# [Your objective]
Give back exactly the lines of the material below that start at the one holding "Harley Davidson Custom" and end at the last line, minus the pictures.

____

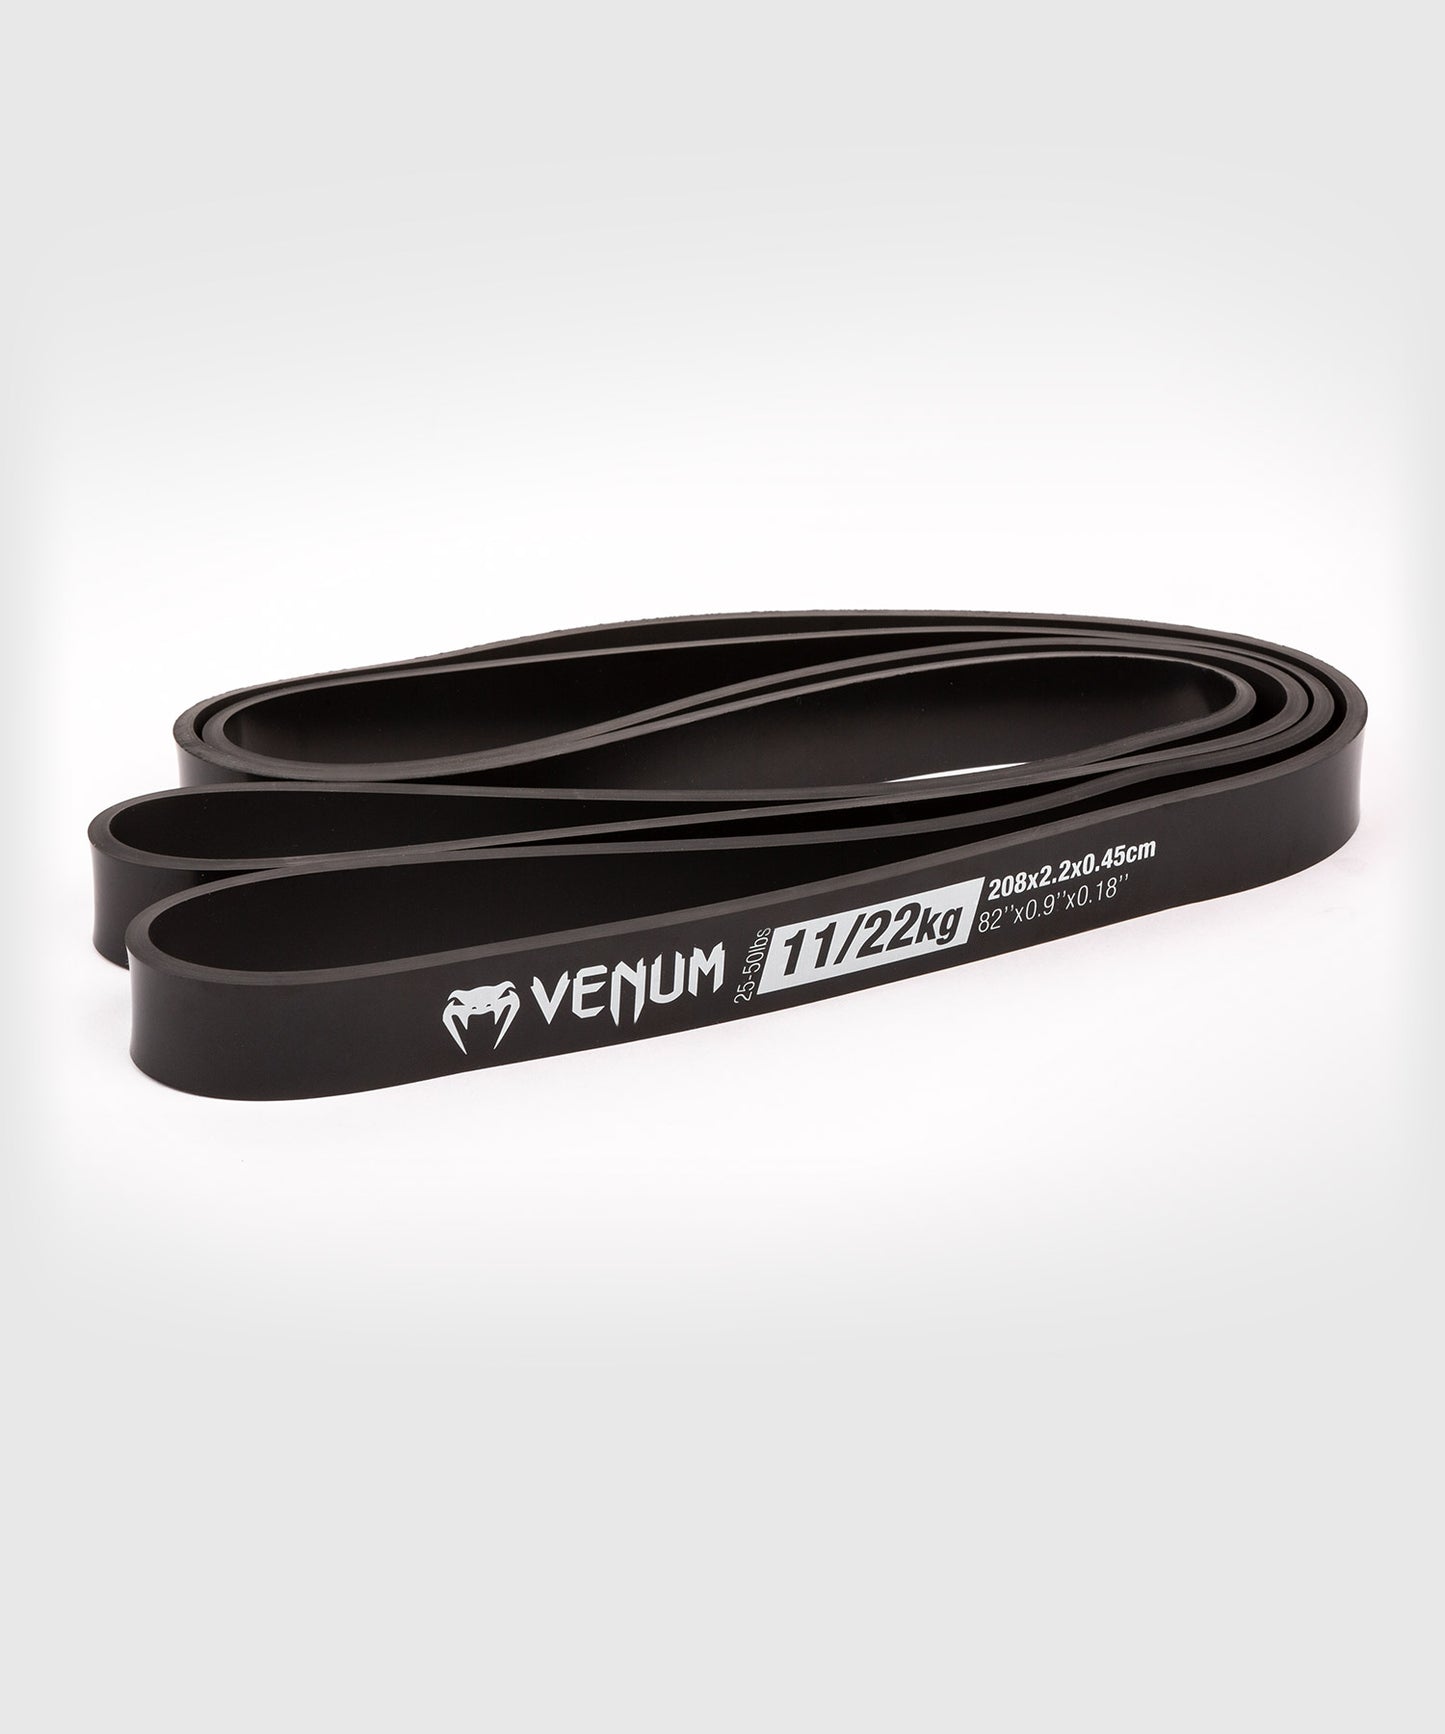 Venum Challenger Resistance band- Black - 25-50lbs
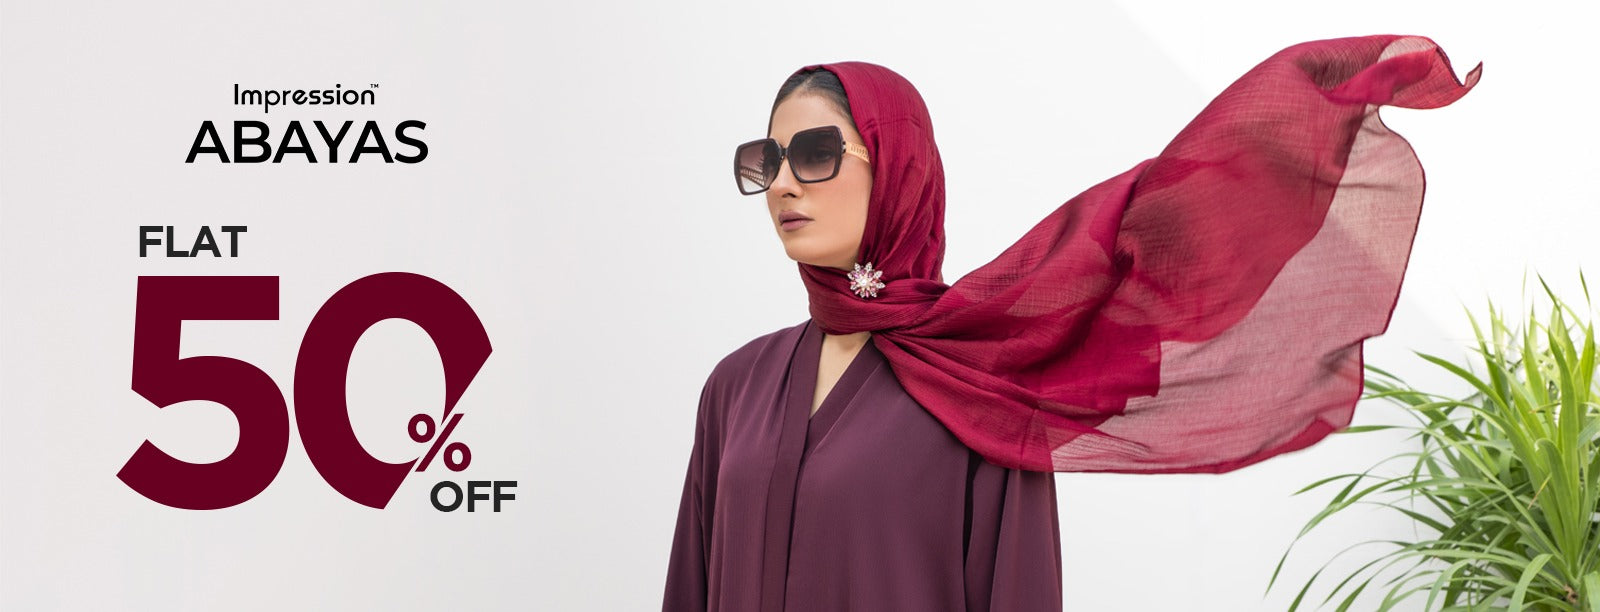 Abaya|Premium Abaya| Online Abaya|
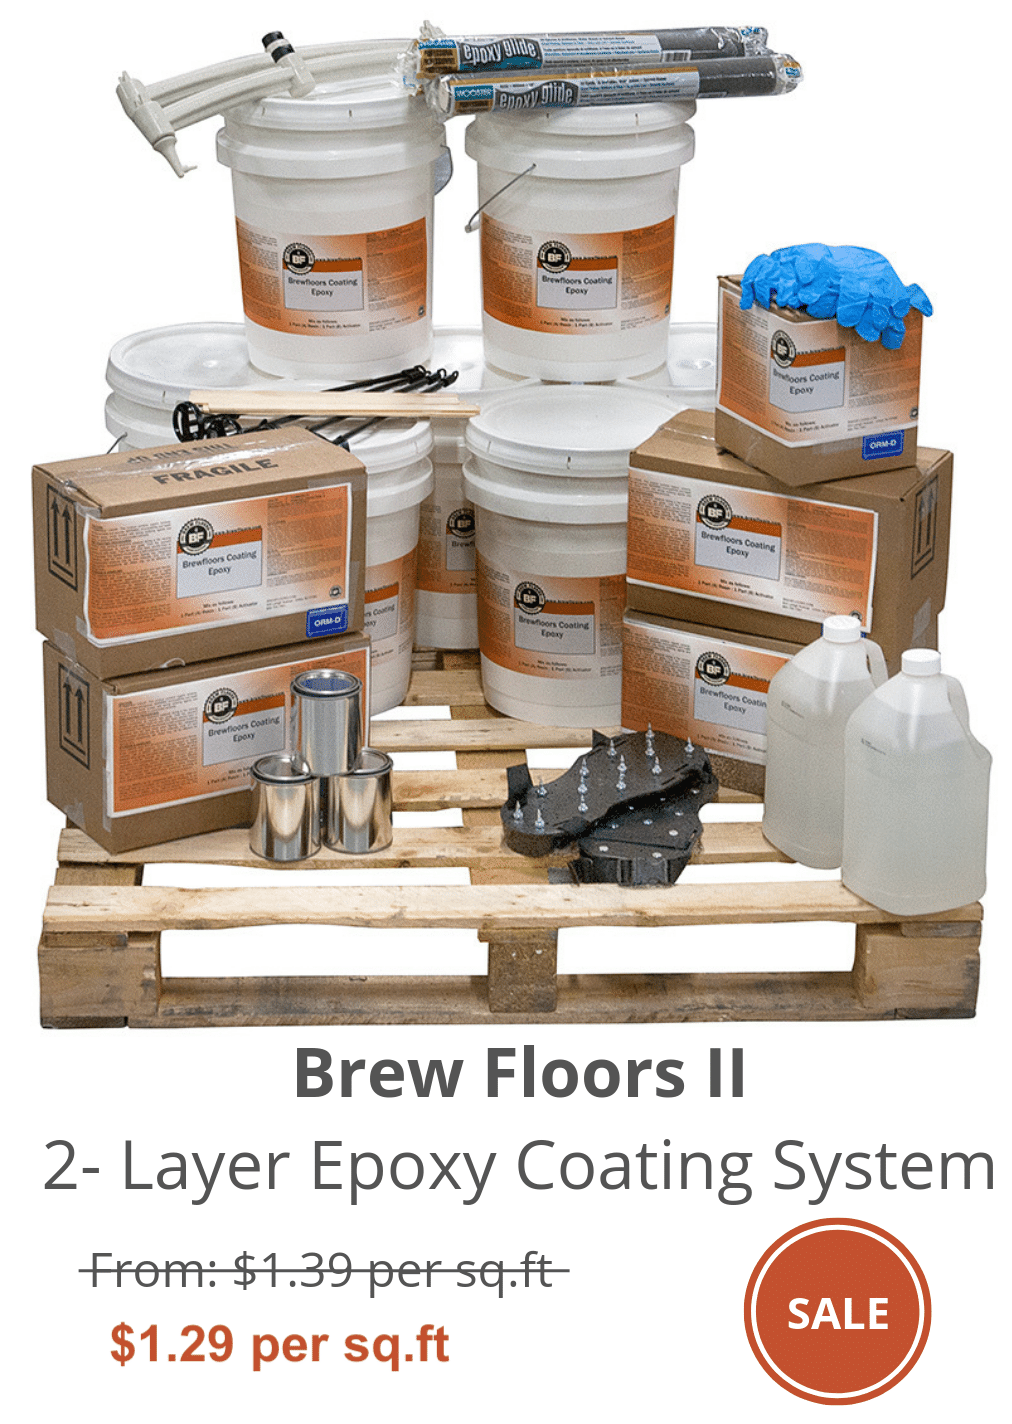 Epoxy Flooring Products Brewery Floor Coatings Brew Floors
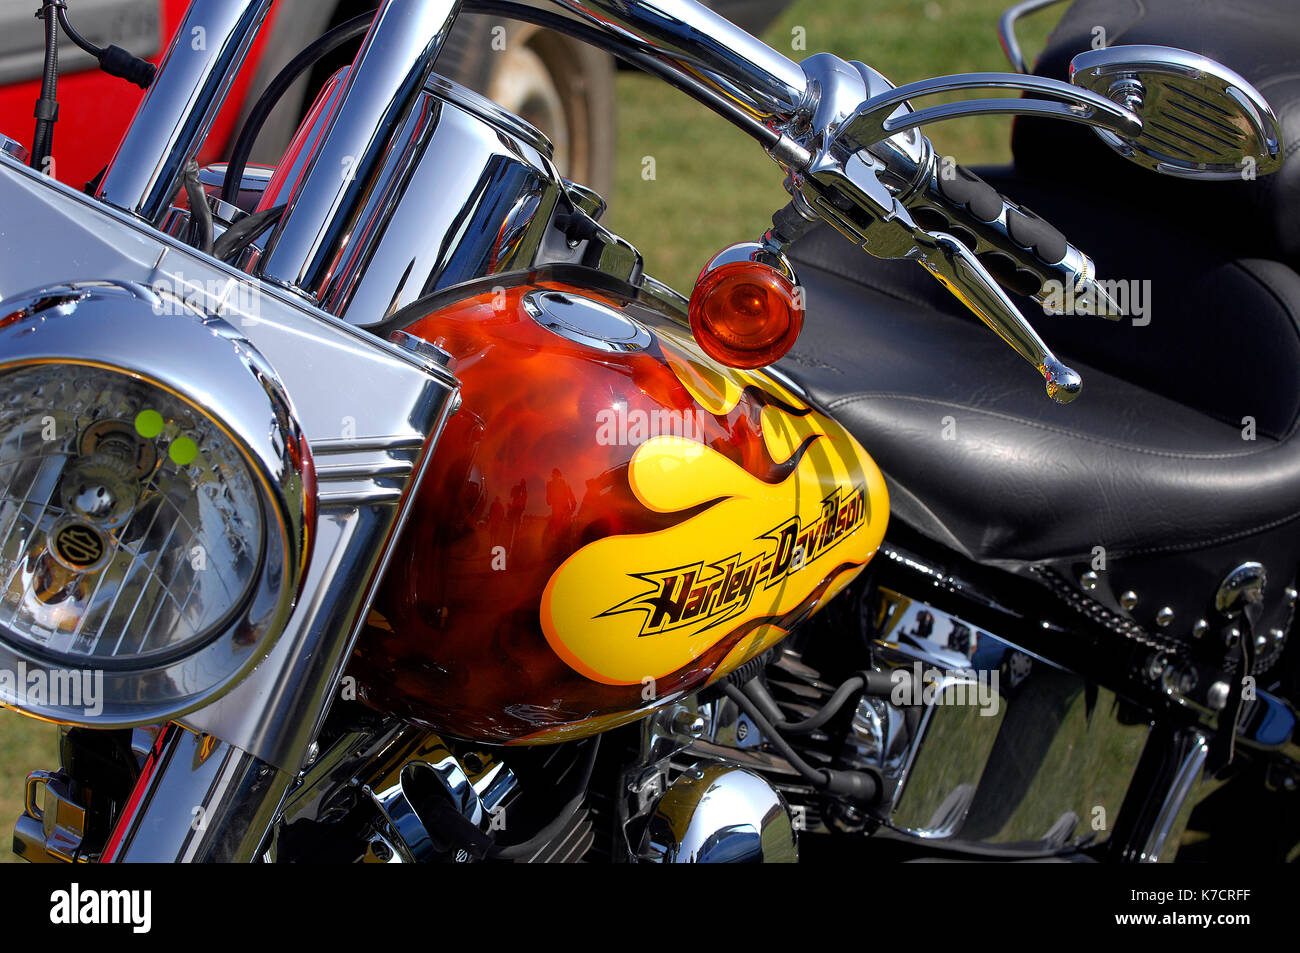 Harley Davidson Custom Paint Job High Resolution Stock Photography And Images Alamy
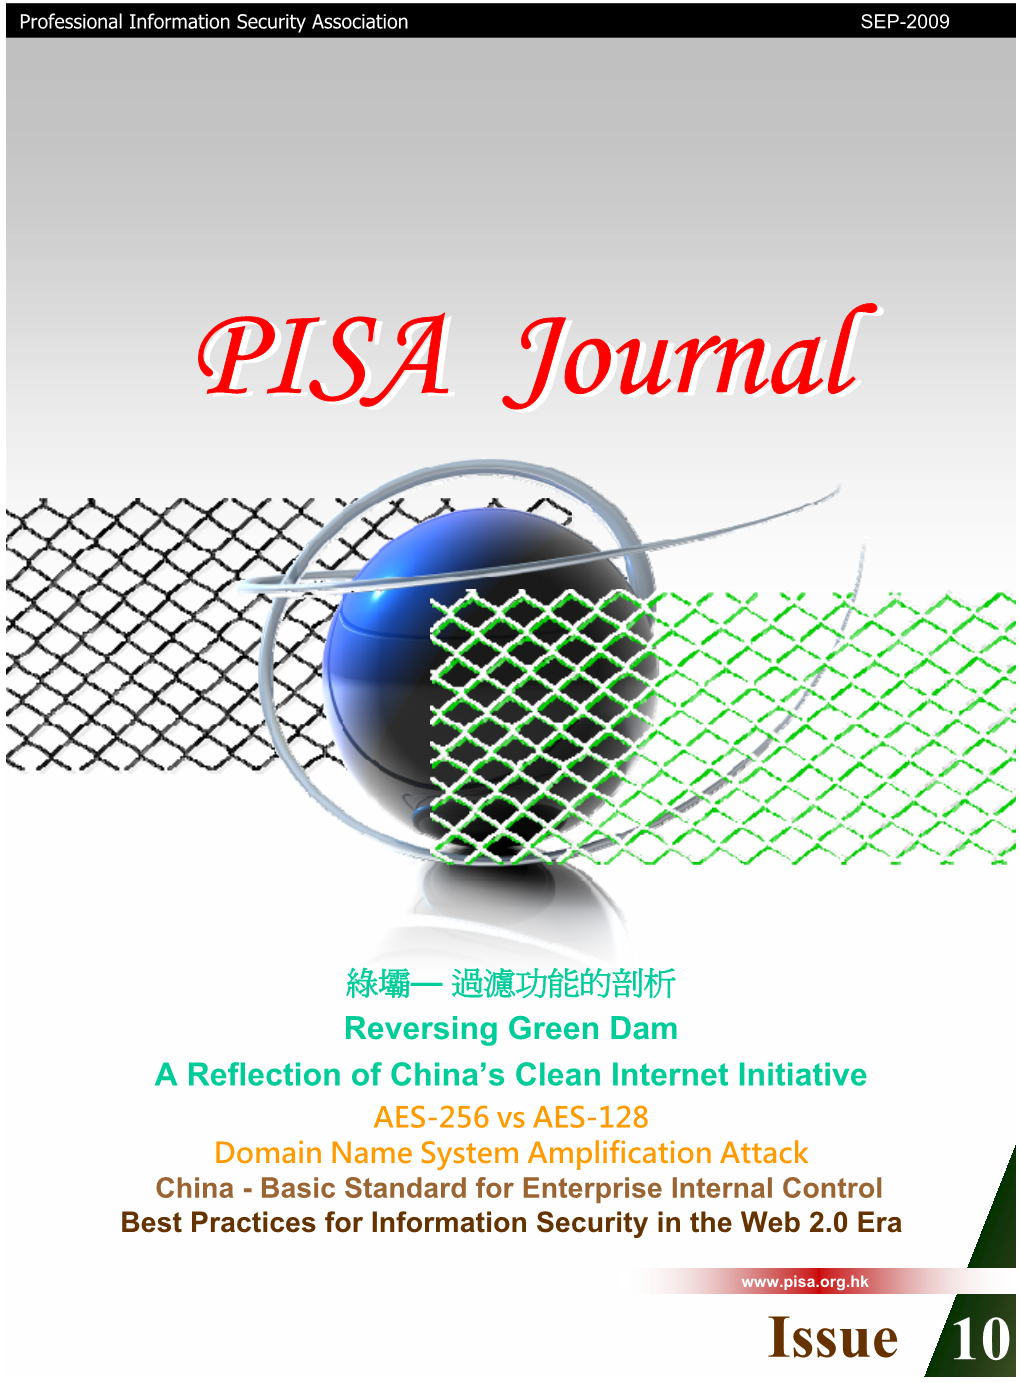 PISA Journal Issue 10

____

# [Answer space]
 Harley Davidson Custom Paint Job High Resolution Stock Photography And Images Alamy
 PISA Journal Issue 10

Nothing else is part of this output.